As recent events in Egypt, Thailand, Venezuela and the Ukraine have shown, voter plurality doesn't necessarily translate into functional, fair governance where the interests of all citizens are considered above any and all competing agendas. Too often it appears government officials, both elected and appointed, feel they have been given a personal mandate to do whatever they want. In Egypt it was a Koran-based constitution. In Thailand it has been old-fashioned nepotism and self-promotion. In Venezuela it has been rampant mismanagement after a broad nationalization of private and international assets. Recent developments in the Ukraine have displayed governmental corruption leading to an avoidable massacre. Too typically, while Ukraine's economy floundered, the now deposed president was amassing personal wealth and a lifestyle Julius Cesar would have recognized.
While not reaching that level of governmental malfeasance, we in the local Seattle and King County taxi industry have faced a regional and municipal authoritarianism dictating to us our operational reality. One very recognisable historical facet of authoritarian rule is that the same individual or groups protesting a wrong or problem are blamed for the very same grievance they are complaining about, and in the aforementioned examples, risking their lives.
If you don't think this is happening in Seattle, think again, as the democratically elected Seattle City Council are making up rules "right-out-of-thin-air" and applying them to the taxi industry. Monday's 02/24/2014 Seattle Times editorial complains about what they call the "taxi monopoly," implying we are to blame for everything, stymying competition and innovation, while portraying the illegal ride-share industry as victims. Anyone familiar with fascism see this as an old game.
Everyone should remember that in the 1930s Germany blamed its cultural and economic woes upon the Jews. Just this week Uganda activated an anti-gay/homosexual law dishing out life sentences, joining 38 other African nations banning gay and lesbian lifestyles. Similarly, taxi drivers across the United States are being targeted and ostracized publicly, demonised as less than civilized.
Recently, KIRO Television did a news feature about taxi drivers calling it "The Big Stink." My complaint to them was never answered. Does anyone see a pattern developing? Taxi drivers smell and are greedy, in other words dehumanizing us as a group. Read the Nazi propaganda from that era and compare and see if I am exaggerating? Ask the folks at the Seattle Times and KIRO and in the city government and they will all join in a chorus denying any bias or prejudicial attitudes. And after their denial they go back to what they were doing beforehand.
What everyone is missing is that we in the taxi industry have been obediently following the rules for years. We pay our fees yearly. Sometimes we have been deregulated. Other times, like it is currently, we are regulated. We are given little say either way. Usually, and historically, our requests concerning our own destiny are ignored. When we have requested that more taxi licenses be released, we have been told no, they are not needed. Then just over three years ago, over two hundred very similar "for-hire" licenses were released without explanation. When these same fellows began operating illegally, taking our customers, nothing essentially has been done for the past three years to stop them. Now the city council is now planning on sanctioning them by allowing them to pick up on the streets.
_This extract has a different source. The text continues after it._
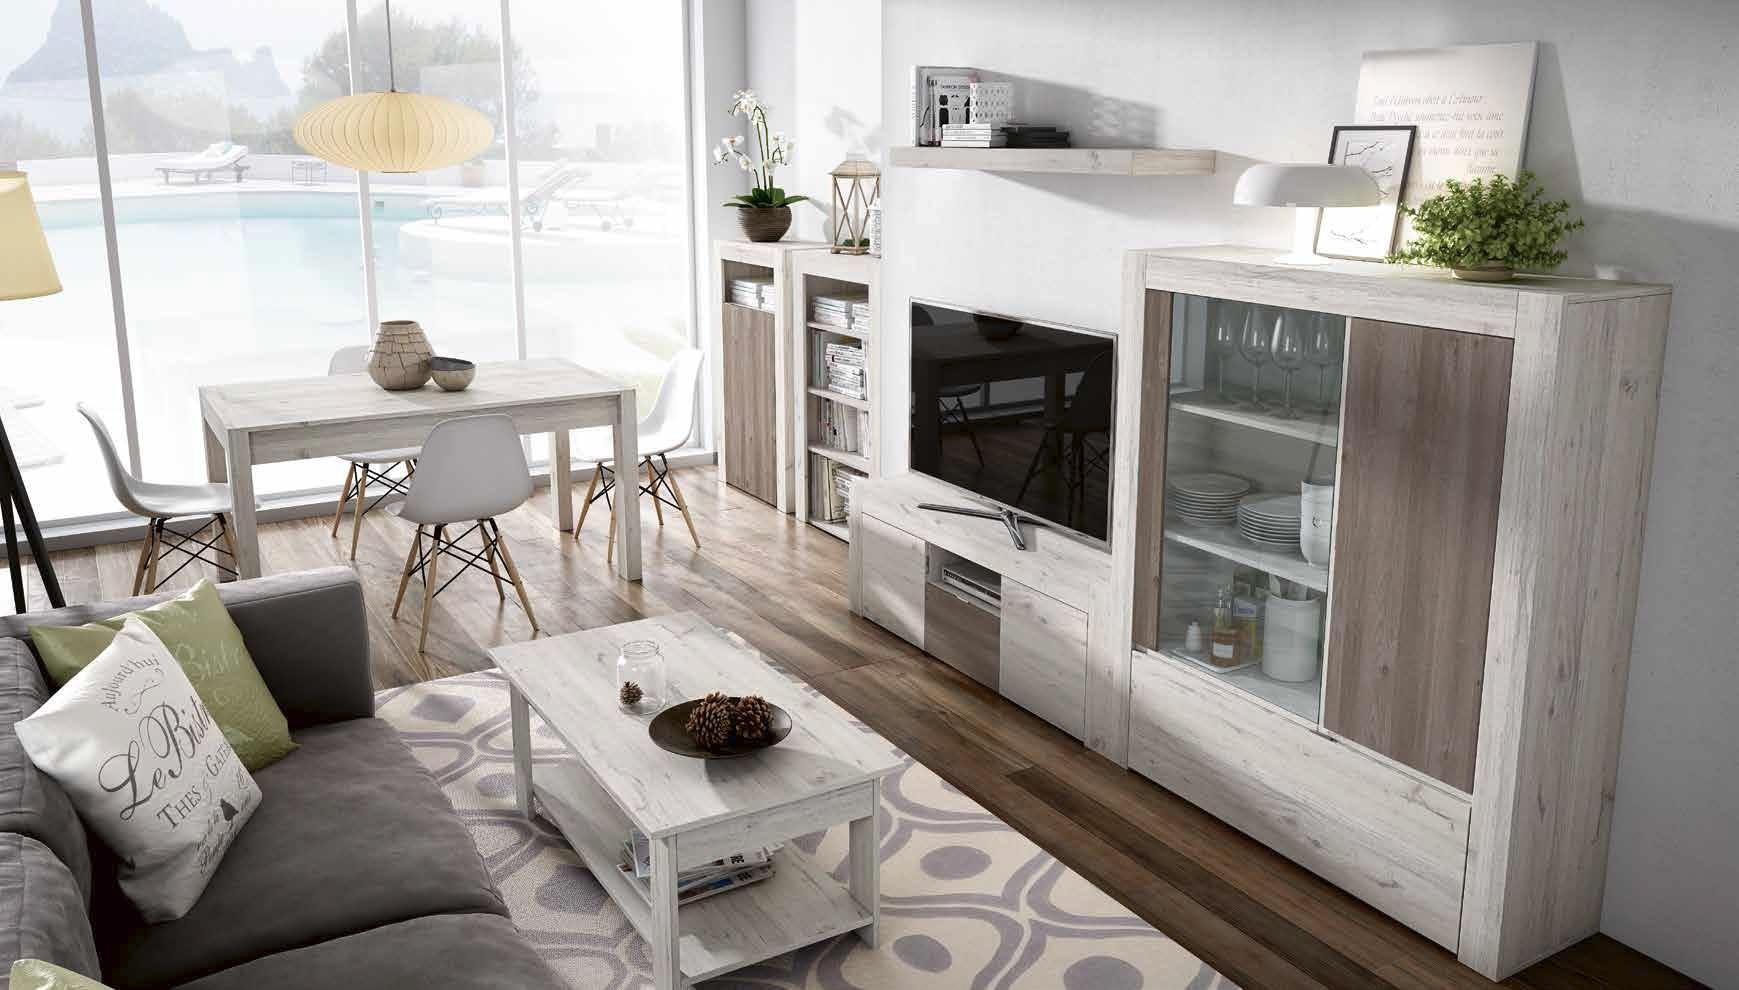 Tienda de muebles baratos online juveniles comedores for Comedores modernos

While all this has been occurring, Uber, Uber-X, Lyft and Sidecar came upon the scene disregarding all rules and regulations, in a sense their own "Kristallnacht (Night of Broken Glass) moment, telling everyone in the taxi industry to move out of the way, they are here to stay. What has been the response? Just like they responded to the "for-hires," the City of Seattle suspended any real enforcement and are about to sanction their illegal incursion into taxi operations.
While the Seattle Times editorial stated that the market should be allowed to determine itself, they are missing that it already has. What they don't see is that there isn't a growing customer demand for taxi-like services, despite what was stated in the Mundy/Coooper study. There are at least two city council member advocating for no caps upon the ride-shares. You can be sure that they have never driven taxi and never will, knowing next to nothing about our business reality. For them it is perfectly okay to flood our market with unneeded drivers. They will not be the ones sitting in the taxi freaking out, wondering how they pay that day's lease, never aware of the pain and suffering they have caused.
And why should any industry, taxi or otherwise, accept an illegal invasion? Would Weyerhaeuser allow anyone to start harvesting timber off their land? Of course not. And if anyone thinks that the Seattle Times editorial staff would support illegal logging on Weyerhaeuser property, you are lying. The Seattle Times would instinctively support the rich timber company, which is why I see their current stance as dishonest. Uber etc have all the money. In last Sunday's edition Uber published a full page ad asking for political support. How much did that ad cost anyway? Then the very next day we see the editorial supporting Uber and friends.
If anyone views the treatment of the taxi industry as democratic, please think again. Grab your political dictionary and look up the definition. Rules are, and always have been forced down our throats, bureaucratic force-feeding. So how do they expect us to respond? Does the City of Seattle really think we are going to accept 800 plus new quasi-taxis and continue on as usual? Think again, folks, think again!